*Problem to work on*
What you return should match the listing exactly, minus its images.

*Data excerpt*
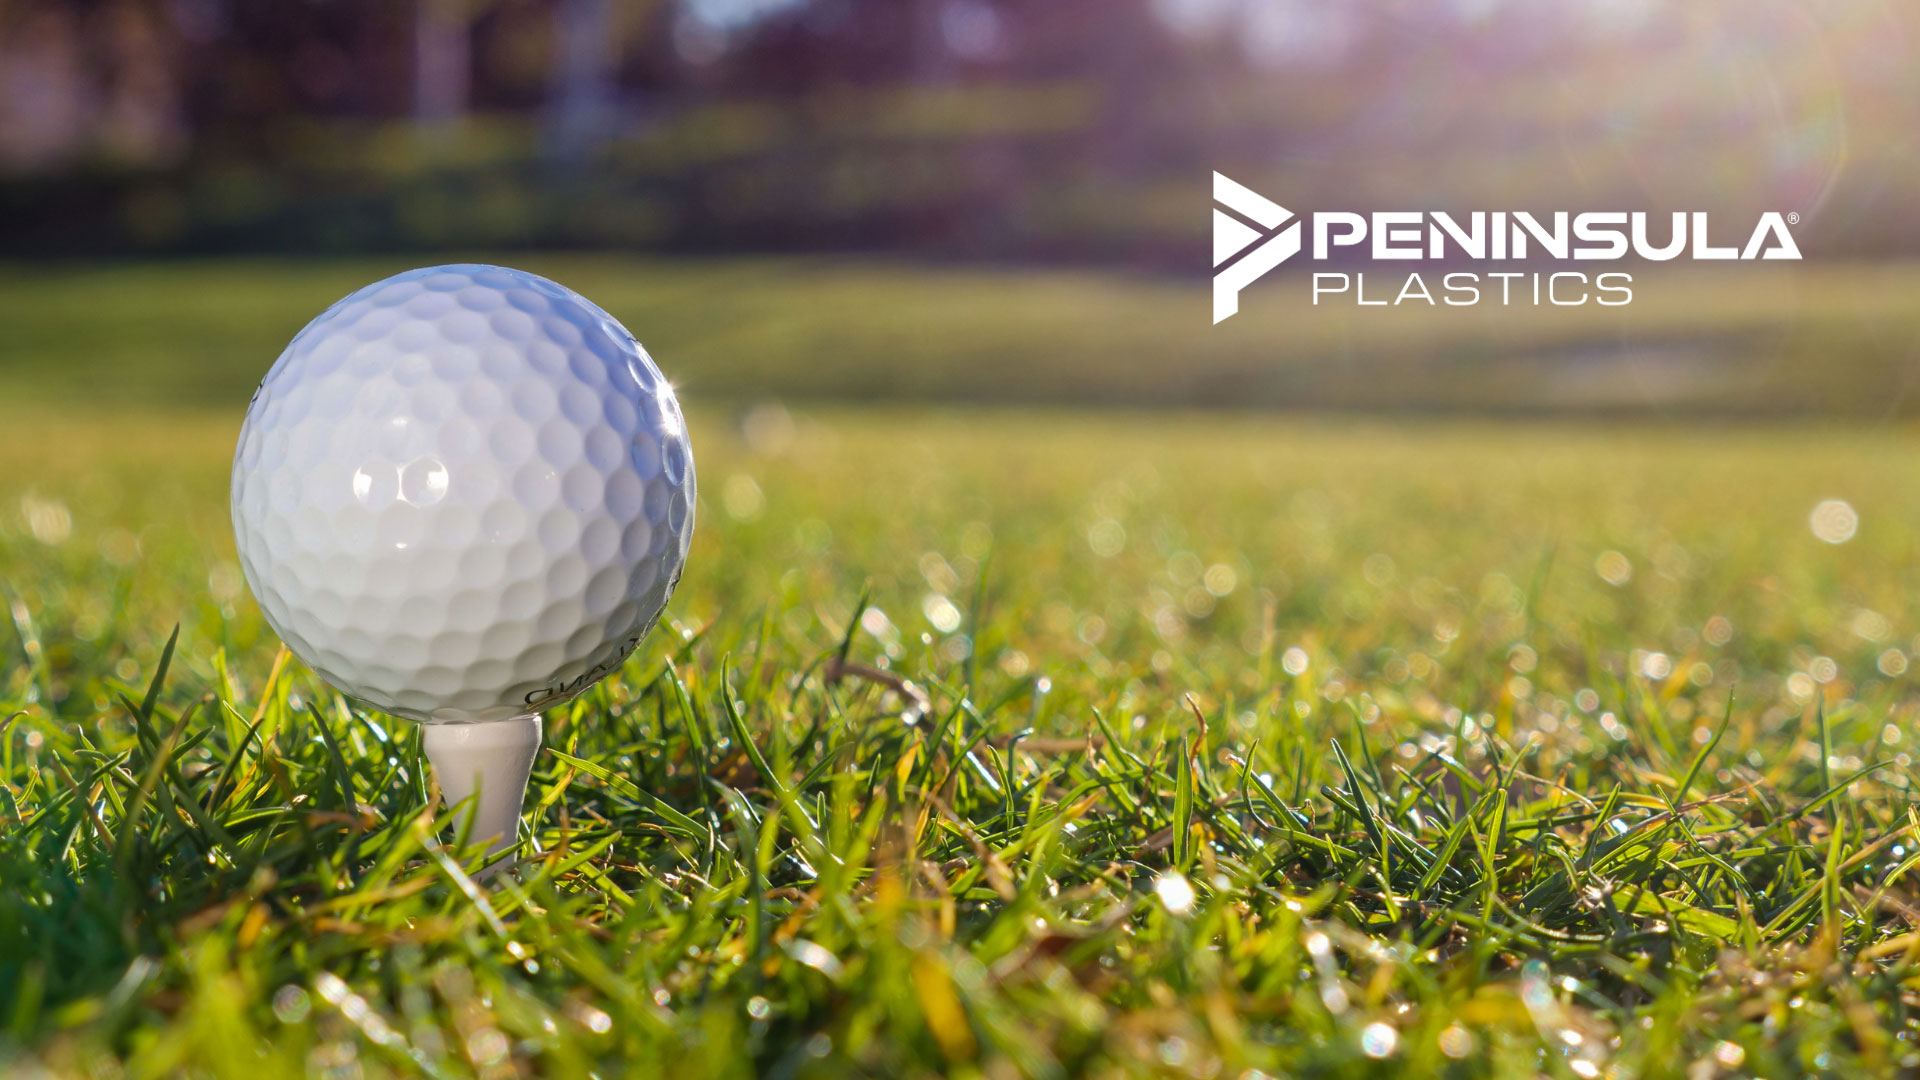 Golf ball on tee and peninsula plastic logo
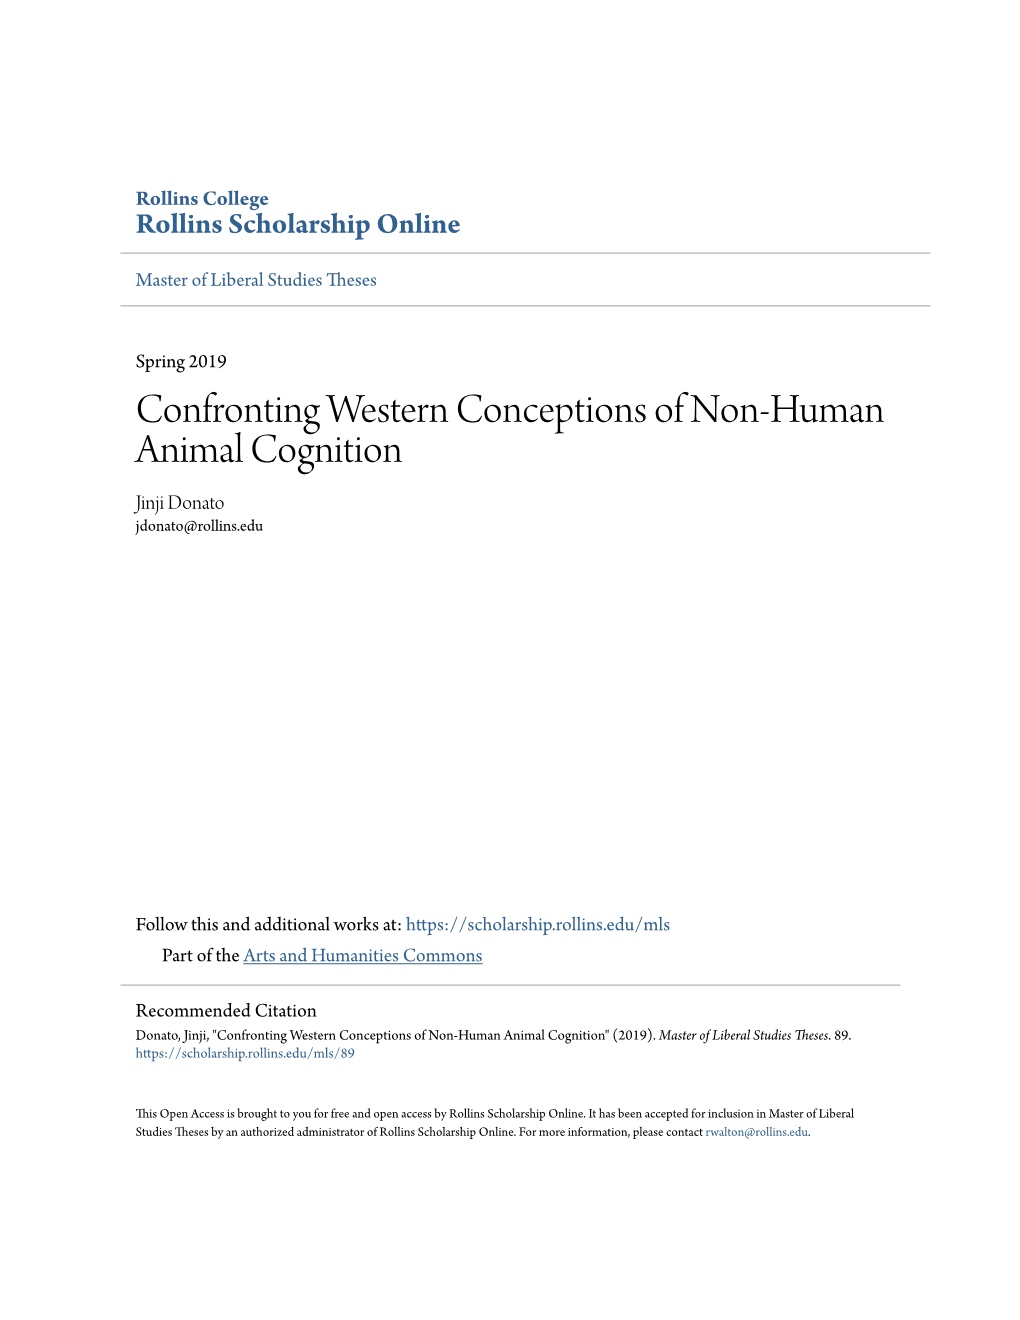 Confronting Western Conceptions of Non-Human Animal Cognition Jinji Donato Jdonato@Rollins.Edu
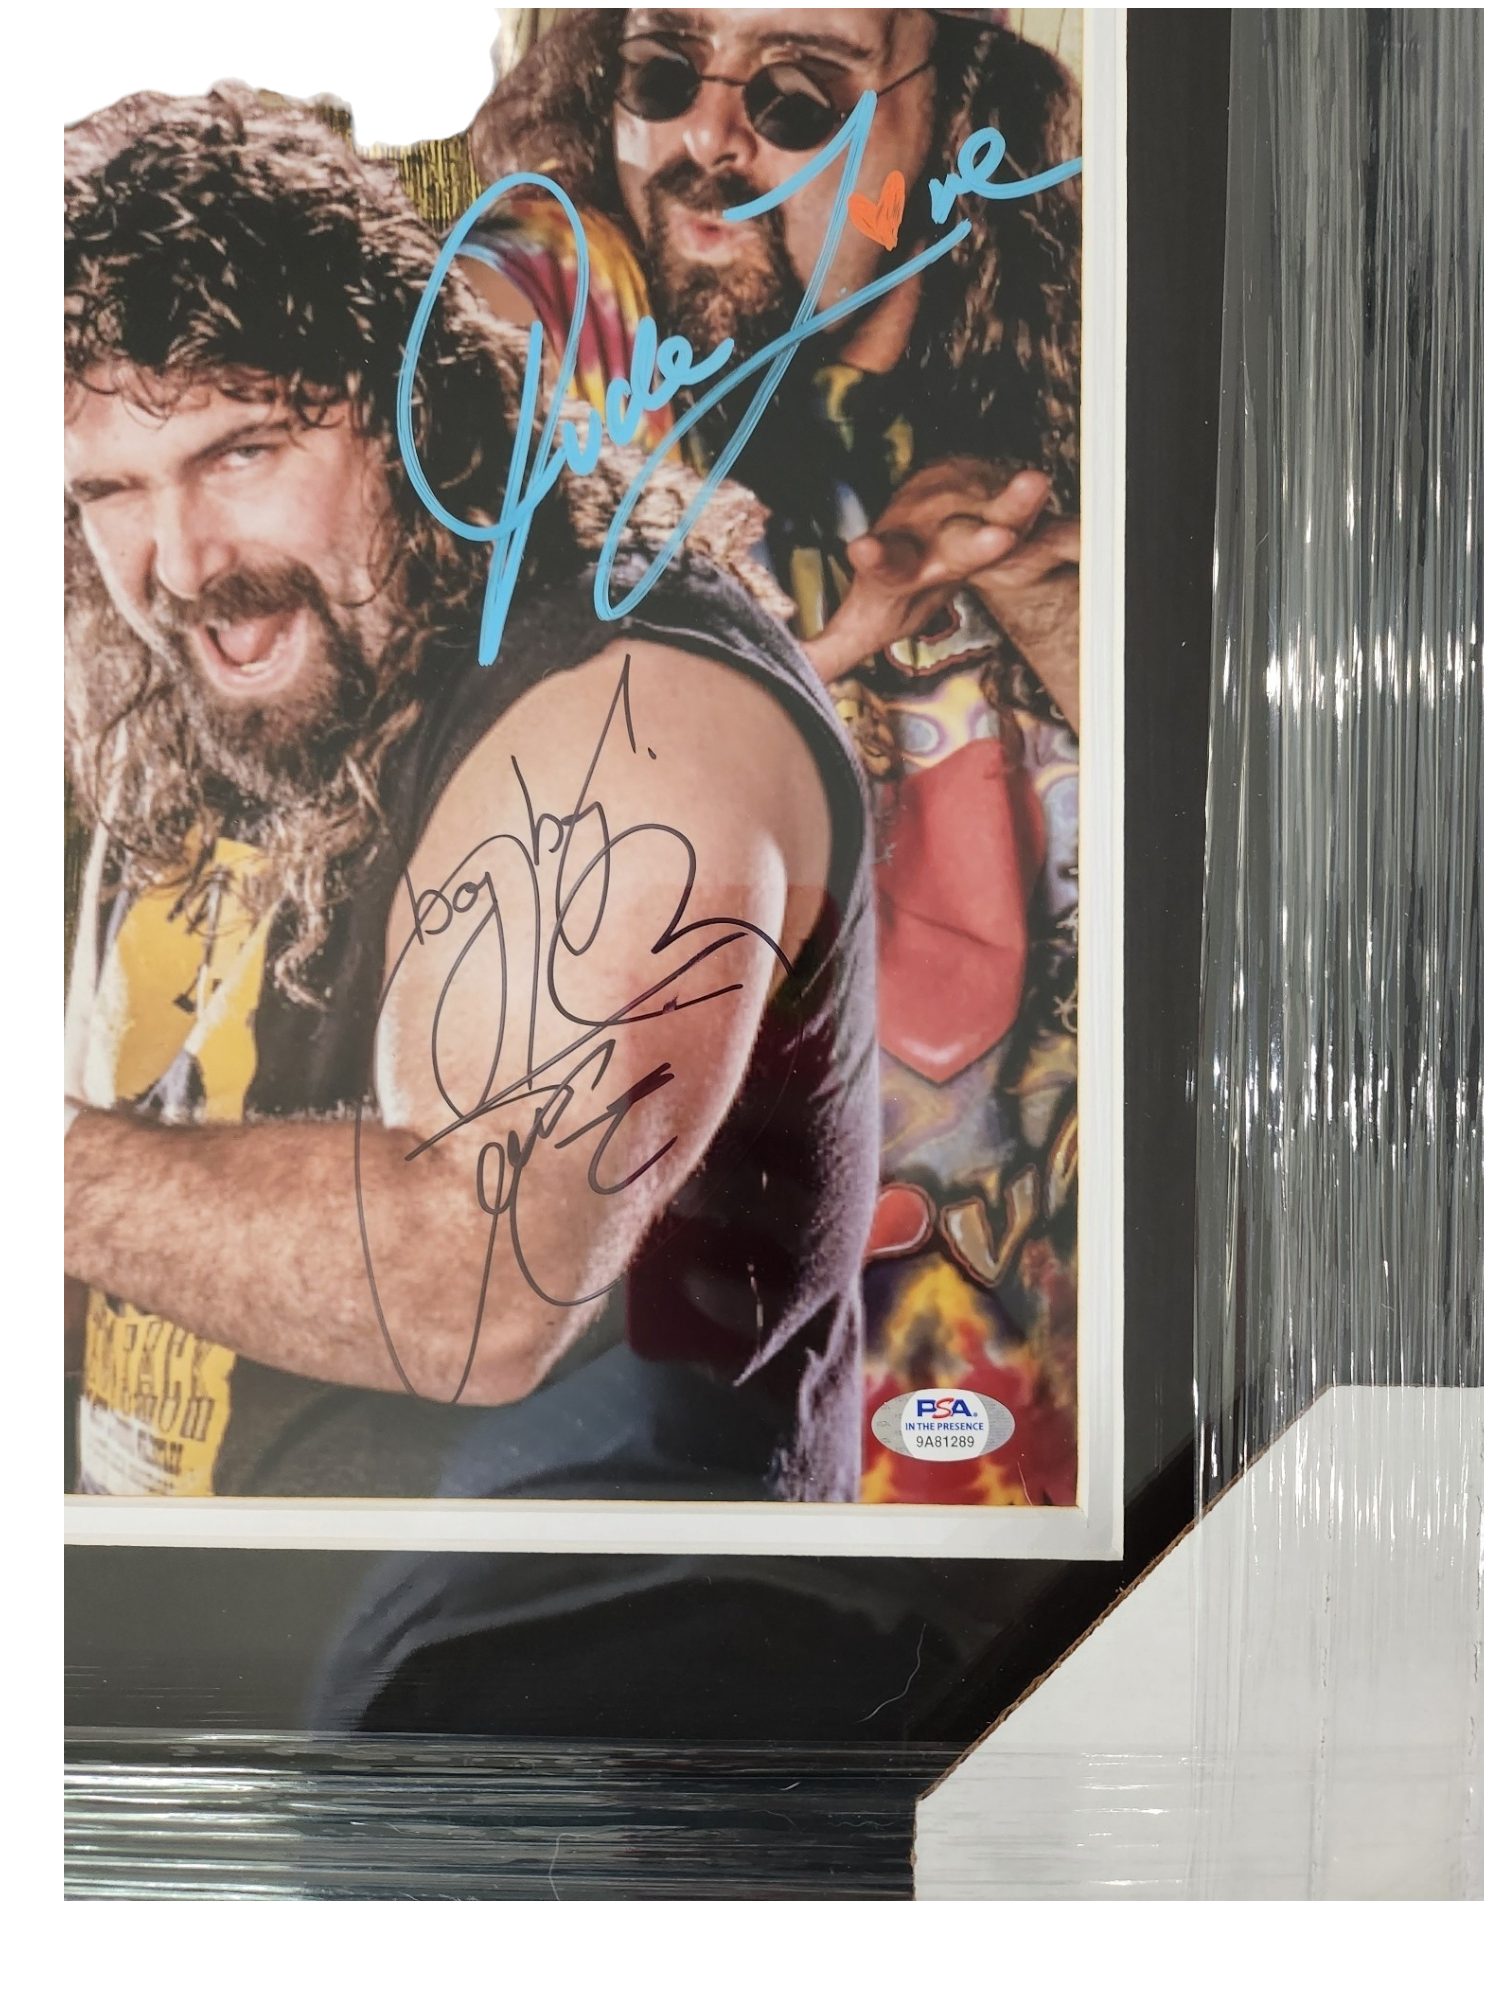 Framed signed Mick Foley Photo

*Problem solution*
 Golf ball on tee and peninsula plastic logo
 Confronting Western Conceptions of Non-Human Animal Cognition Jinji Donato Jdonato@Rollins.Edu
 Framed signed Mick Foley Photo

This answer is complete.